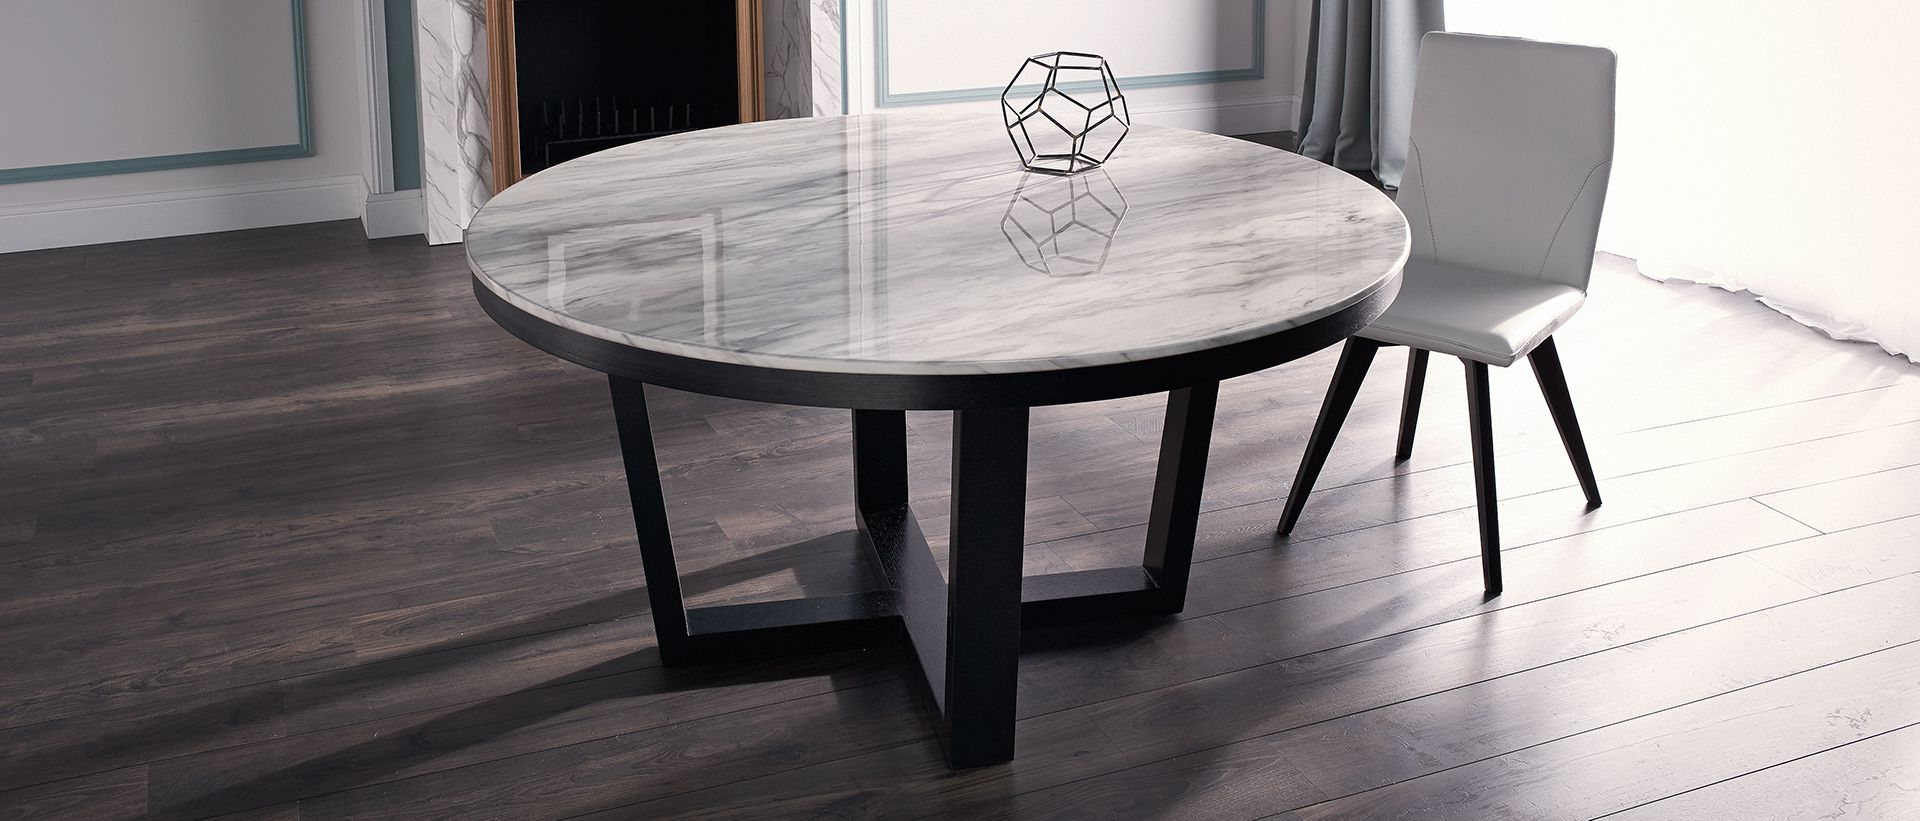 Round, Wood & Concrete Tables
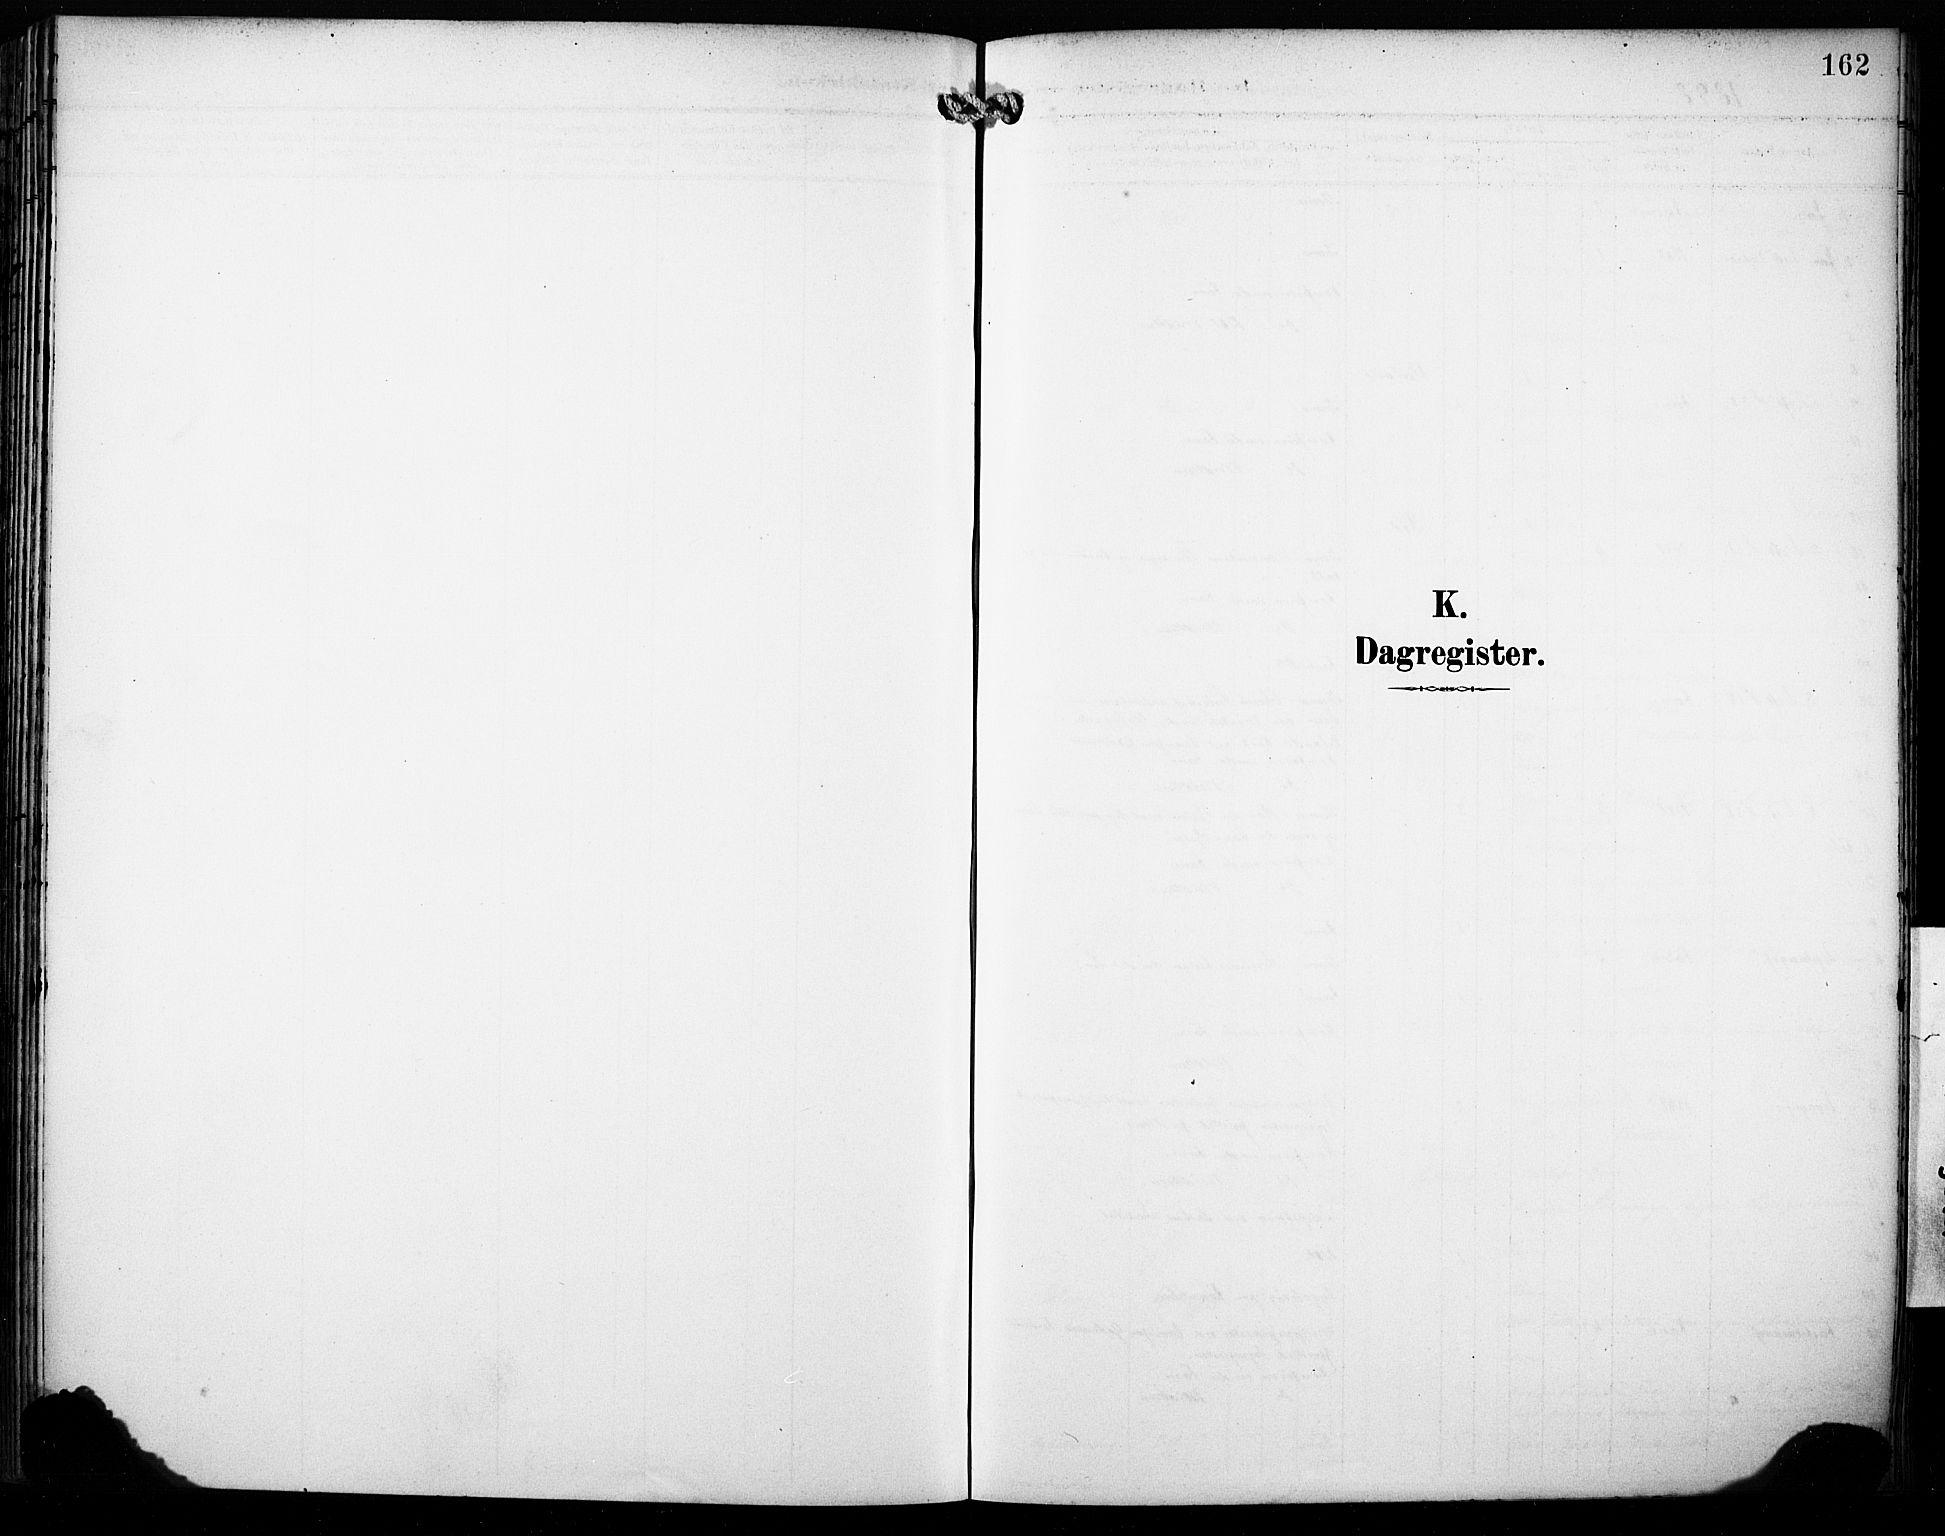 SAB, Fana Sokneprestembete, H/Haa/Haab/L0003: Ministerialbok nr. B 3, 1898-1907, s. 162
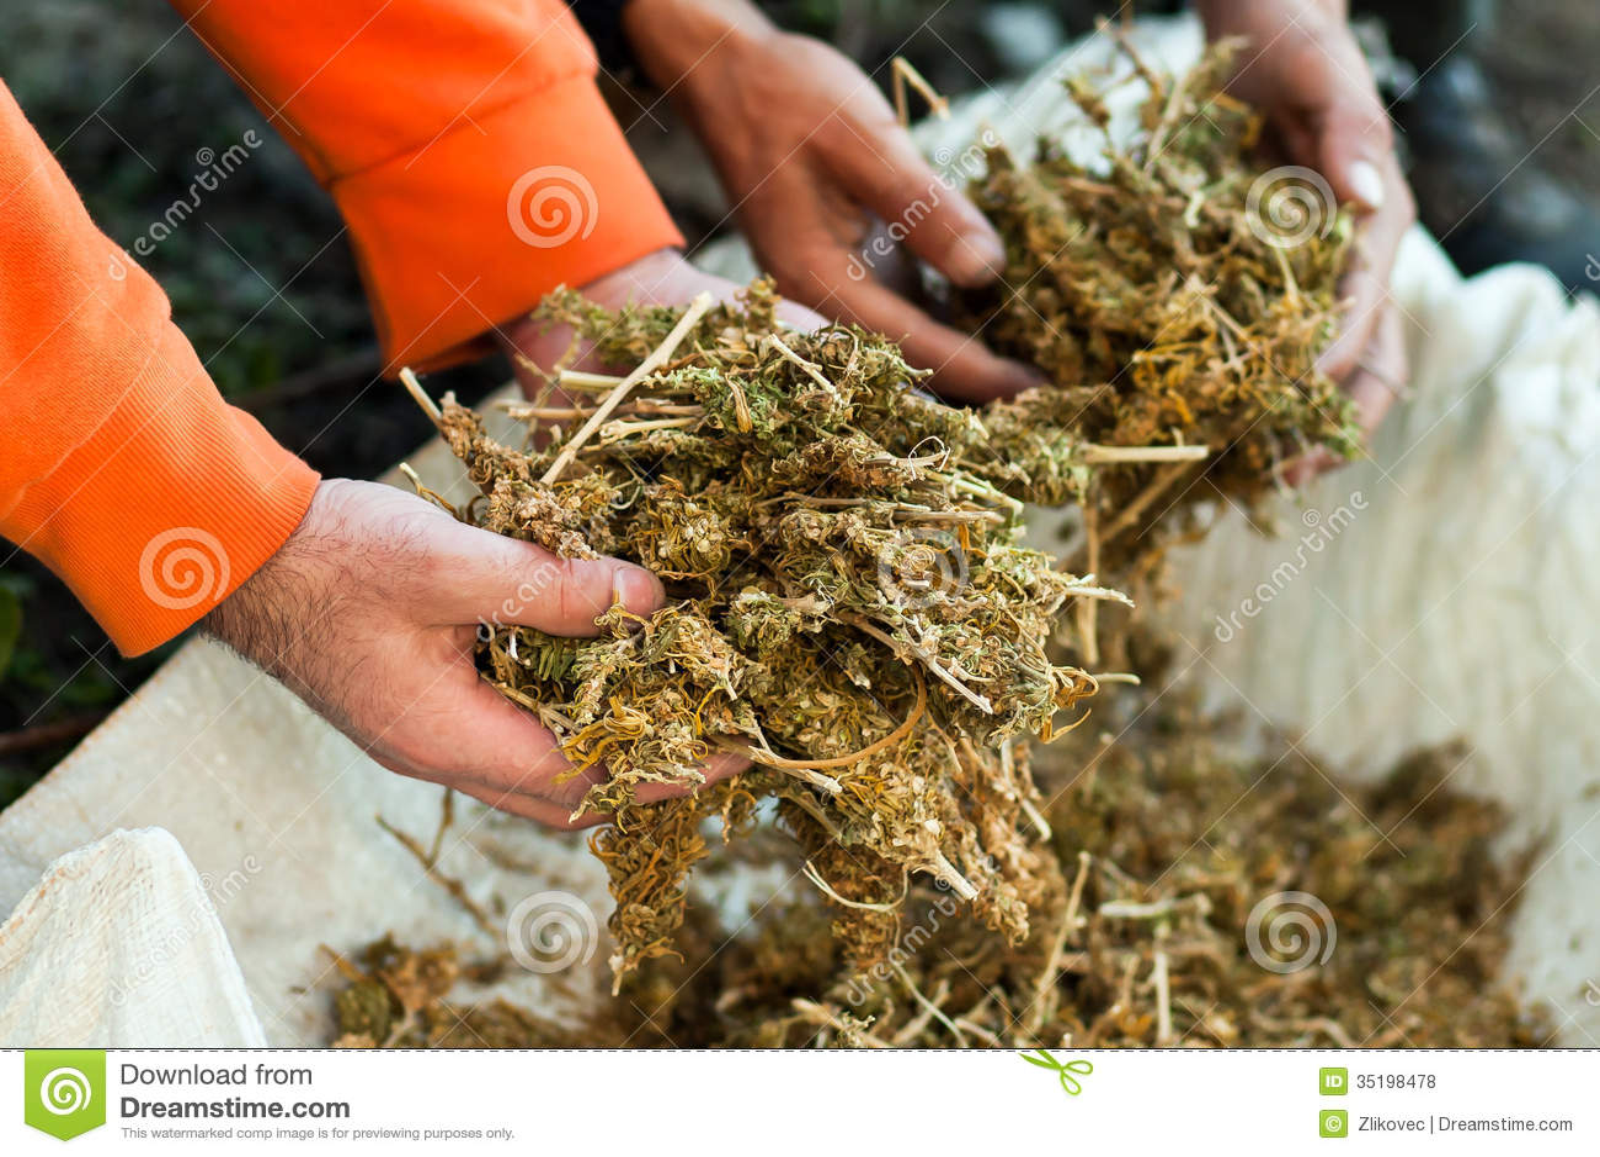 marijuana stock photo image of sorting  separation  leaf marijuana leaf vector silhouette free marijuana leaf vector hd

### What the task requires
Give back the data exactly, with no images.

### Response
 Round, Wood & Concrete Tables
 SAB, Fana Sokneprestembete, H/Haa/Haab/L0003: Ministerialbok nr. B 3, 1898-1907, s. 162
 marijuana stock photo image of sorting  separation  leaf marijuana leaf vector silhouette free marijuana leaf vector hd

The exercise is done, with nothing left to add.